Happy, Healthy, Ready – working with early childhood non-government organisations for developmental surveillance for vulnerable children

Main Article Content

Karen Edwards
Valsamma Eapan
Deborah Perkins
Vanessa Sarkozy
Jane Son
Rebecca Smith
Lisa Stephenson
Tania Rimes
Ritin Fernandez
Sue Woolfenden

Keywords

Developmental screening, child development, Child and Family Health Nurse (CAFHN), culturally and linguistically diverse (CALD), migrant, refugee, interagency, multi-agency, detection

Abstract

Objective: This study sought to improve: (1) knowledge of child development among non-health child and family workers; and (2) identification and referral of children from culturally and linguistically diverse (CALD) backgrounds at developmental risk, by partnering child health services with nongovernment early childhood education and family support services in two suburbs with high numbers of families from CALD backgrounds. Background: Children from CALD backgrounds have increased risk of developmental problems going undetected prior to school entry, thereby missing early intervention. Study design and methods: This was a quality improvement project. The model comprised: (1) co-locating a child and family health nurse CAFHN in a non-health setting or visits by early childhood health staff to undertake developmental surveillance and (2) training non-health staff on child development and New South Wales (NSW) developmental surveillance tools.

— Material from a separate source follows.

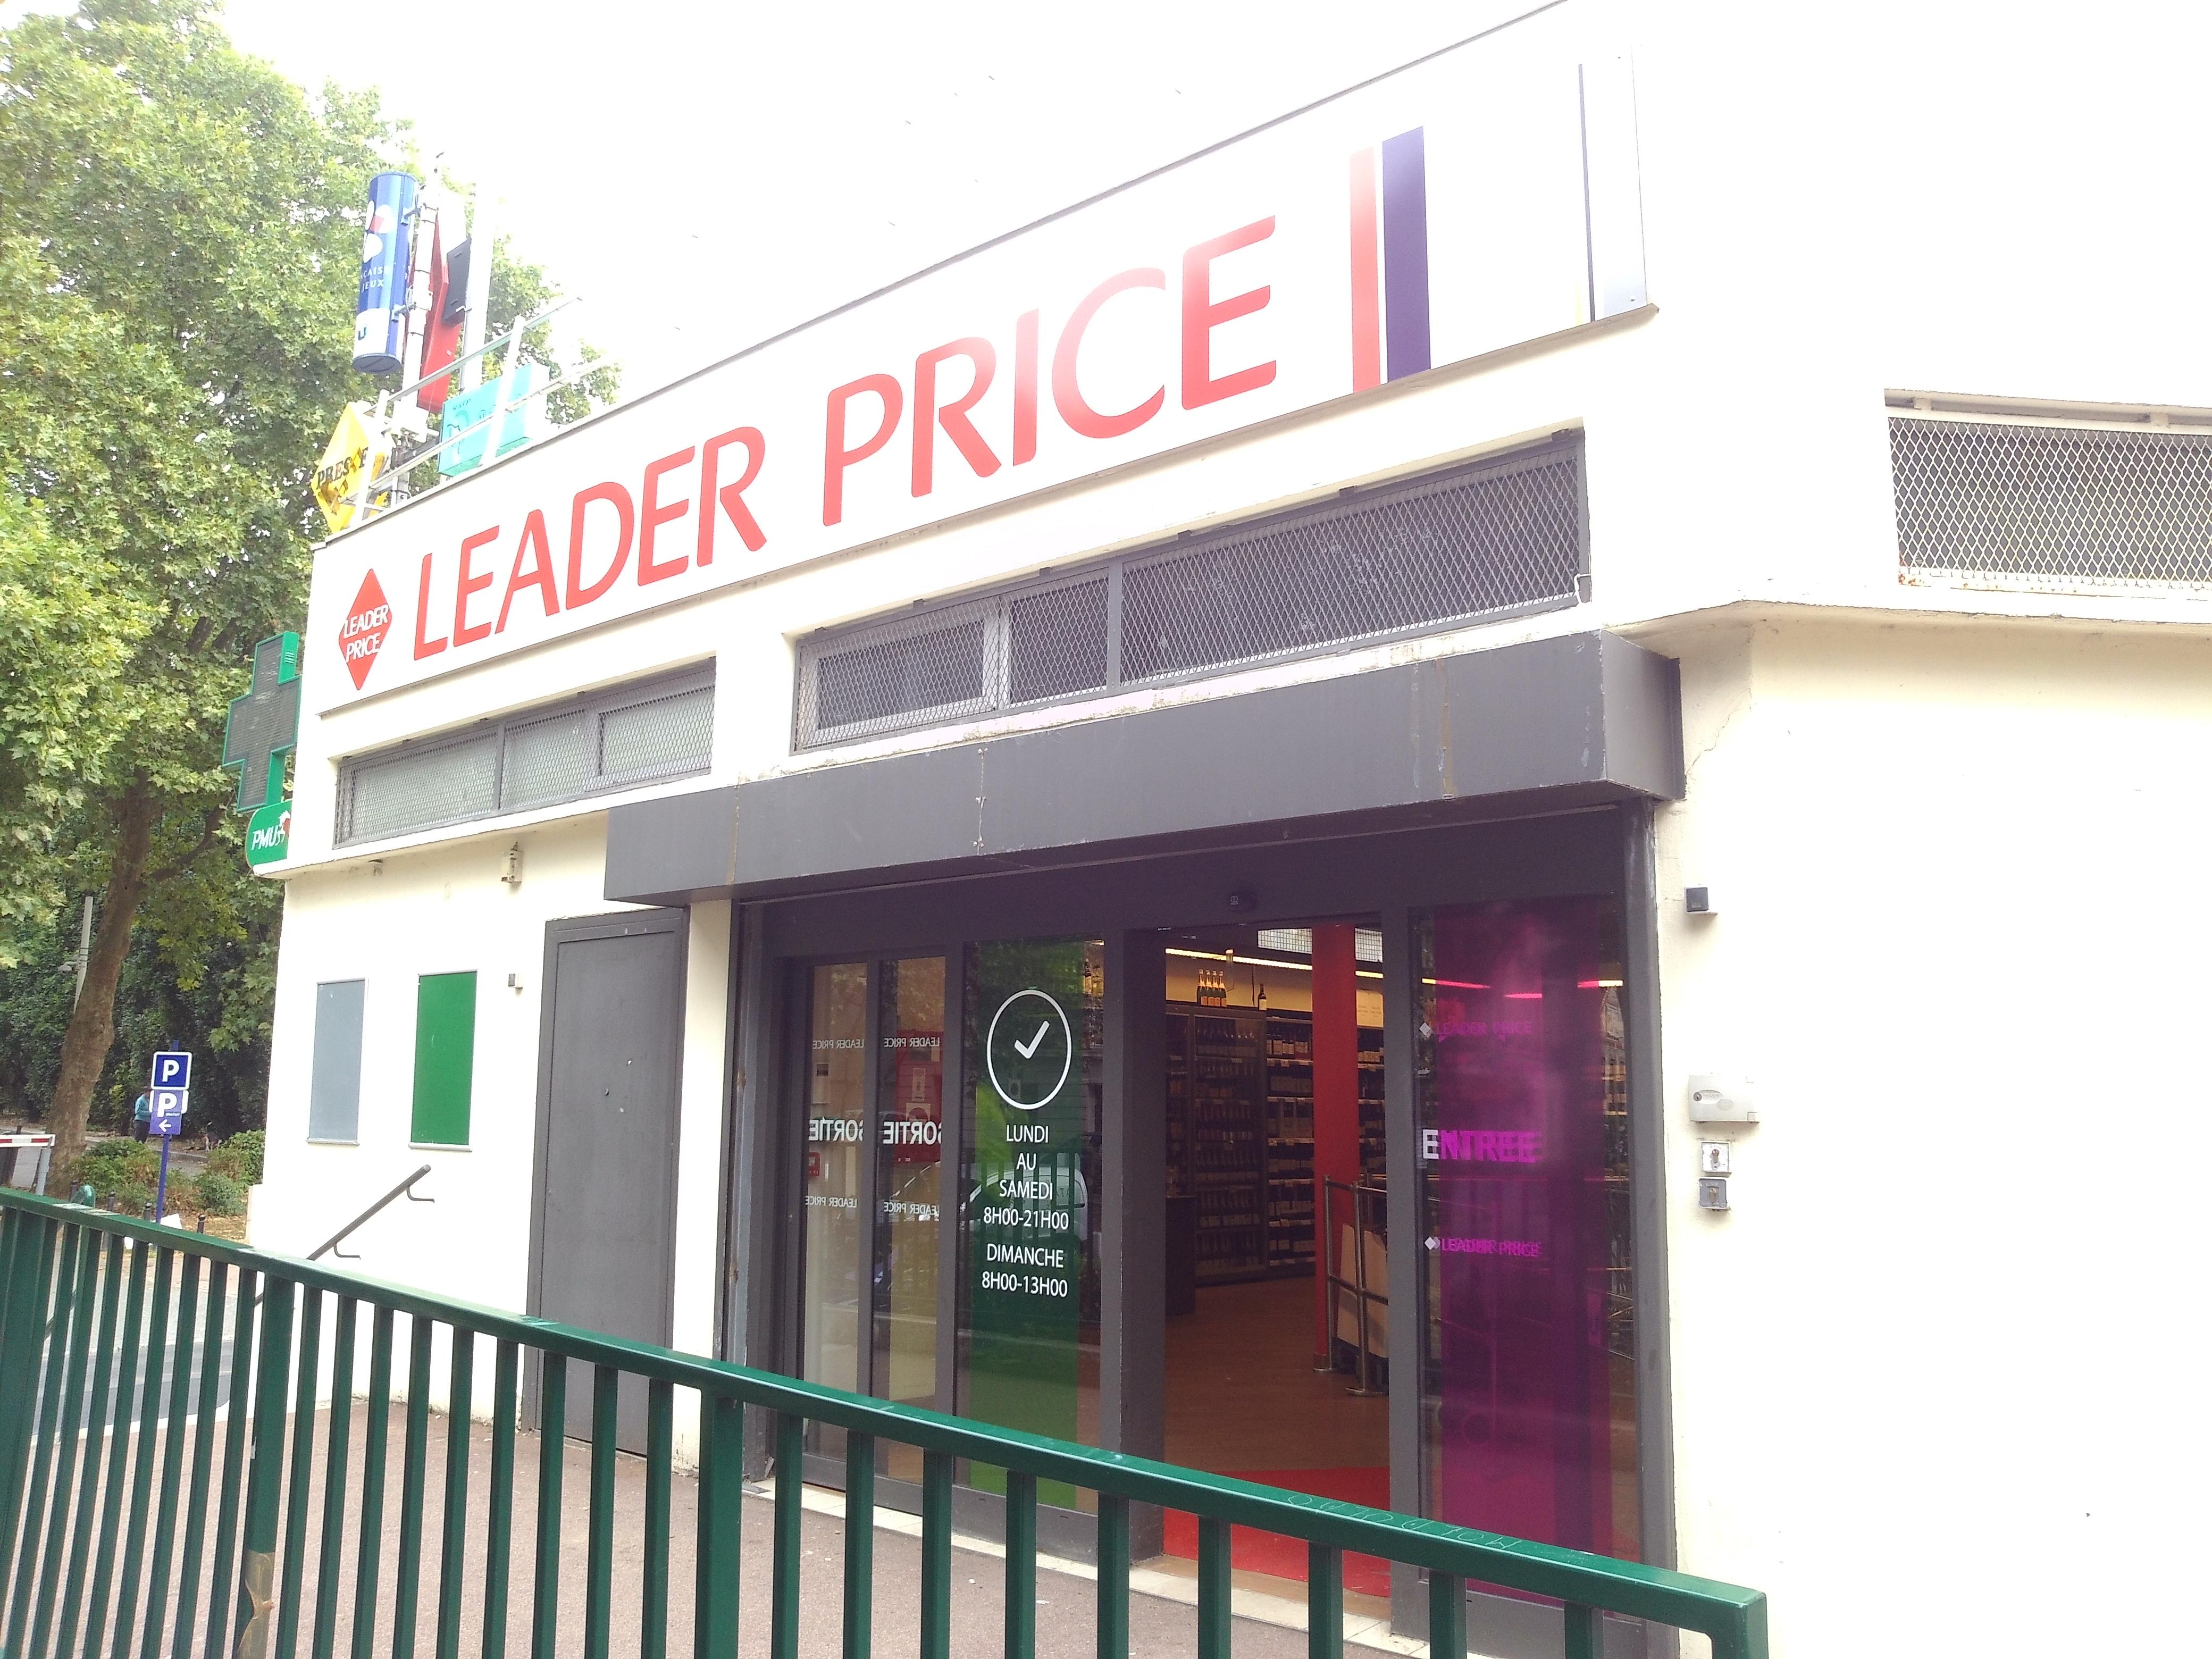 gentilly accueille un nouveau leader price 94 citoyens. Black Bedroom Furniture Sets. Home Design Ideas

Evaluation used a mixed methods design analysing qualitative data from parents, early childhood workers, CAFHNs, and paediatricians and de-identified activity data from CAFHNs, and other early childhood health services. Results: Non-health workers increased their referrals of children at developmental risk to CAFHN or other child health providers. In Rockdale, 44% (n=62) and Botany 41% (n=98) of children screened had one or more significant developmental vulnerabilities. CAFHN reported developmental surveillance for families who were not accessing traditional clinic-based services. Discussion: This study tested a model of developmental surveillance and entry into the child and family health system in a non-health setting, thus providing a ‘soft’ entry for parents who might not otherwise engage with these services. Conclusion: The project demonstrated a new way of working for CAFHNs and facilitated identification of developmental risk in children from CALD backgrounds, who would otherwise have been missed.


Implications for research, policy, and practice:


This relatively small-scale model of practice change has resulted in improved access for a marginalised population, but further research is needed to refine the model and test it for scalability and replicability.


What is already known about this topic?


Our team undertook a systematic review of outreach developmental surveillance occurring in non-health settings. Eight studies across high, middle and low income countries have been identified with a total of 150,047 children aged 18 months to five years, the majority from low socioeconomic backgrounds. Only one study has been based in Australia10 in a regional area in Victoria which showed increased detection of  children who were developmentally vulnerable. No studies have had a specific focus on CALD populations in Australia or have been based in the context of the NSW health and developmental surveillance system.


What this paper adds:


This paper describes the outcomes of a quality improvement project implemented in Rockdale and Botany – two disadvantaged areas of South Eastern Sydney – to increase access to developmental surveillance and early intervention for children from culturally and linguistically diverse (CALD) backgrounds attending supported playgroups and early childhood education services.